Pipeline
========

This page describes the algorithmic details of each STAG pipeline stage.
For code examples, see :doc:`usage`.

Data collection
---------------

Thirty-six adult red deer stags (*Cervus elaphus*) were each fitted with
two battery-powered tri-axial accelerometers (±16 g, 50 Hz; TechnoSmart
Europe):

- **Head unit** (axyTrek) — mounted at the base of the antler pedicle;
  includes a 0.5 Hz GPS logger.
- **Ear unit** (axy) — attached to the ear.
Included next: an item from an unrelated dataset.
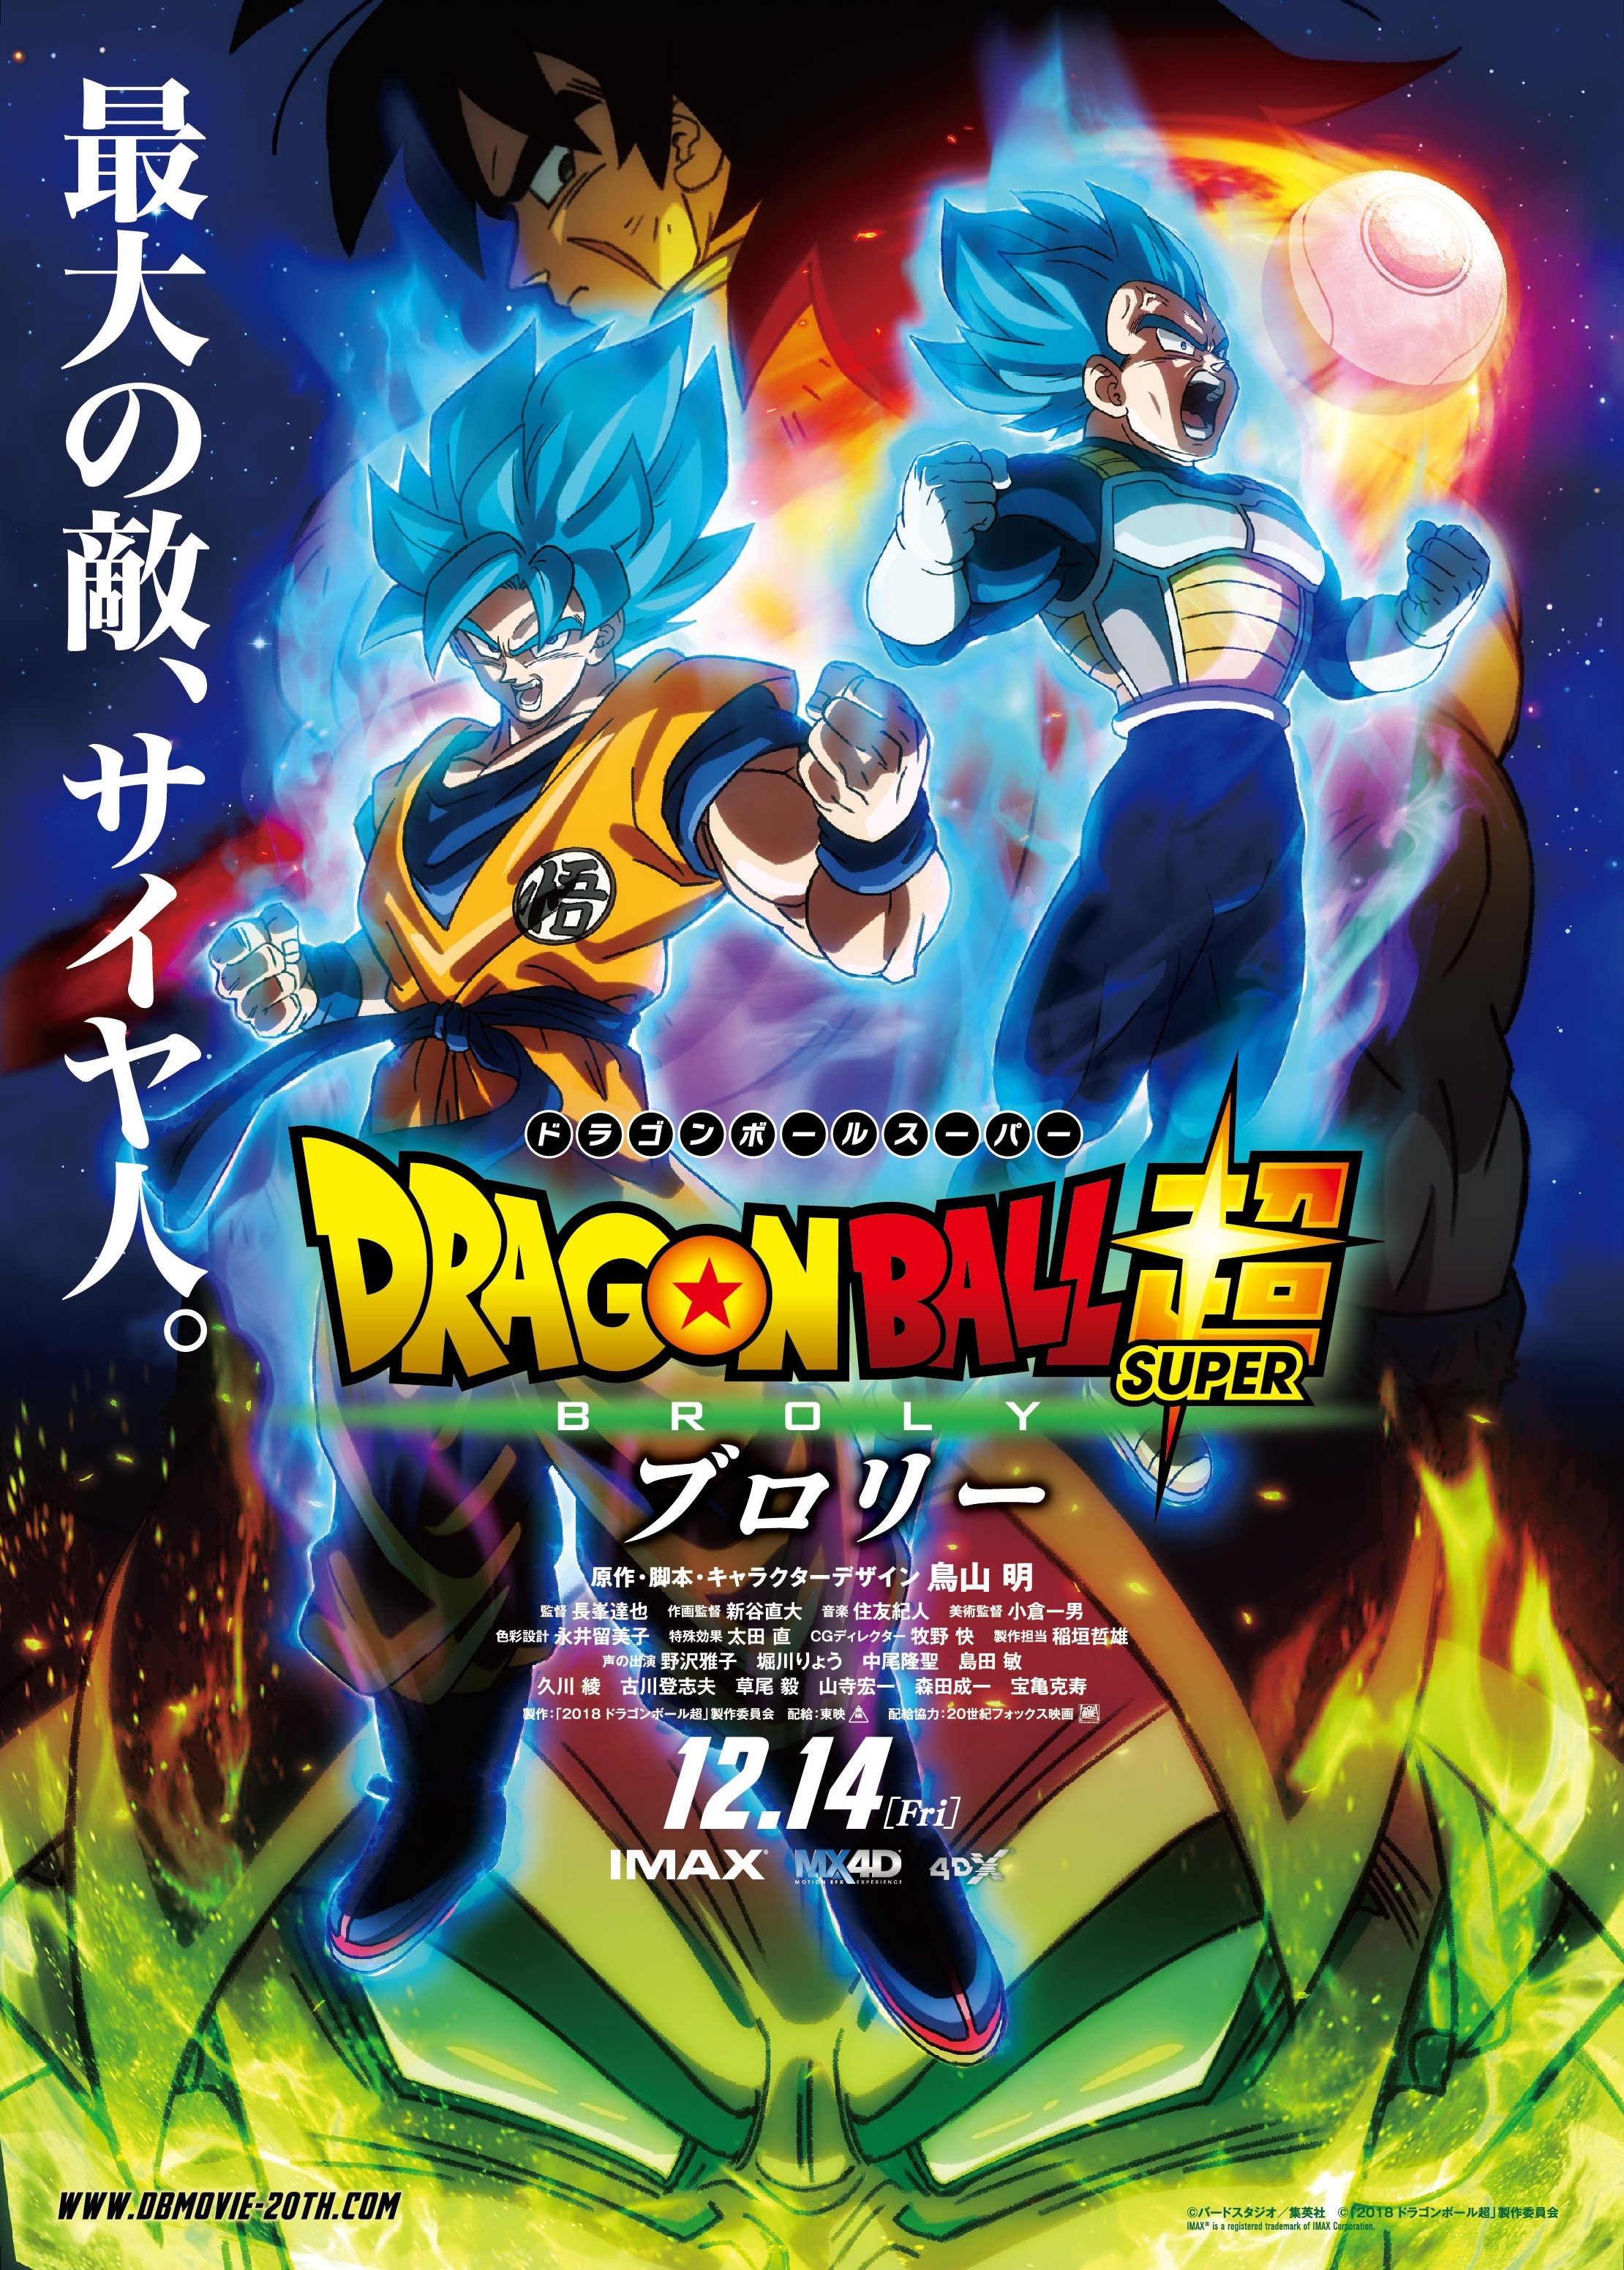 Dragon Ball Super Anime Return Set, New Movie in Pre-Production

Stags were monitored for 48 h in a paddock with *ad libitum* food and
water. Simultaneous video (30 Hz) served as ground truth.

Feature set
-----------

Six accelerometer axes (three head, three ear) are standardised to zero
mean and unit variance. GPS-derived speed and tortuosity are retained only
for coarse ground-truthing due to the 100× sampling-rate mismatch between
accelerometers (50 Hz) and GPS (0.5 Hz).

**Tortuosity** is defined as the arc–chord ratio over three consecutive
GPS fixes:

.. math::

   \\tau = \\frac{\\|\\vec{p}_1 - \\vec{p}_0\\| + \\|\\vec{p}_2 - \\vec{p}_1\\|}{\\|\\vec{p}_2 - \\vec{p}_0\\|}

A straight trajectory yields τ = 1; higher values indicate more sinuous
paths.

Clustering
----------

*k*-means (Lloyd's algorithm, squared Euclidean distance) partitions the
z-scored feature vectors into *k* prototypical movements. The GPU
implementation uses RAPIDS cuML for scalability.

**Model selection** evaluates k = 2–50 (24 settings × 200 independent
runs = 48 000 fits) using two criteria:

1. **Cluster quality** — Calinski–Harabasz index (higher is better).
2. **Cluster stability** — contiguous leave-out: a block of 1 − *r* of the
   time series is removed (r ∈ {0.50, 0.75, 0.90, 1.00}), the block is
   slid in 2 % steps, and centroid drift is measured via Hungarian
   assignment. Low drift = stable solution.

k = 8 was selected as a joint compromise of quality and stability.

Behavioural prototypes
----------------------

The eight prototypical movements (PM₀–PM₇) fall into three categories:

- **Inactive** (PM₀, PM₁, PM₃) — lying / standing, ± rumination /
  panting. 65.5 % of the time budget.
- **Grazing** (PM₆, PM₇) — grazing while walking, and stationary
  grazing.
- **Ear flicks** (PM₂, PM₄, PM₅) — rapid ear movements in response to
  irritants (e.g. flies), each < 1 s.

Hidden Markov Model
-------------------

The prototype label sequence is modelled as a first-order Markov chain.
**Super-prototypes** are frequent triplets of successive labels exceeding
a probability threshold, representing compound behaviours:

- *Grazing cycle*: stationary graze → step → stationary graze (the most
  frequent triplet).
- *Ear-flick bout*: PM₂ → PM₅ → PM₄ (a top-five triplet, condensing a
  flurry of ear movements into a single event).

Circadian analysis
------------------

Classified data are aggregated into hourly bins over a 24 h period
(second day only, after acclimation). Grazing peaks in morning, midday,
and evening; inactive states dominate overnight. Ear flicks show a marked
daytime peak, correlating with insect activity.

On-animal deployment
--------------------

Classification reduces to a nearest-centroid operation. On an Arduino Uno
(16 MHz ATmega328P) the C implementation achieves 4.3 × 10⁸
classifications per second — four orders of magnitude faster than the
50 Hz sensor sampling rate. Memory footprint is a few kilobytes.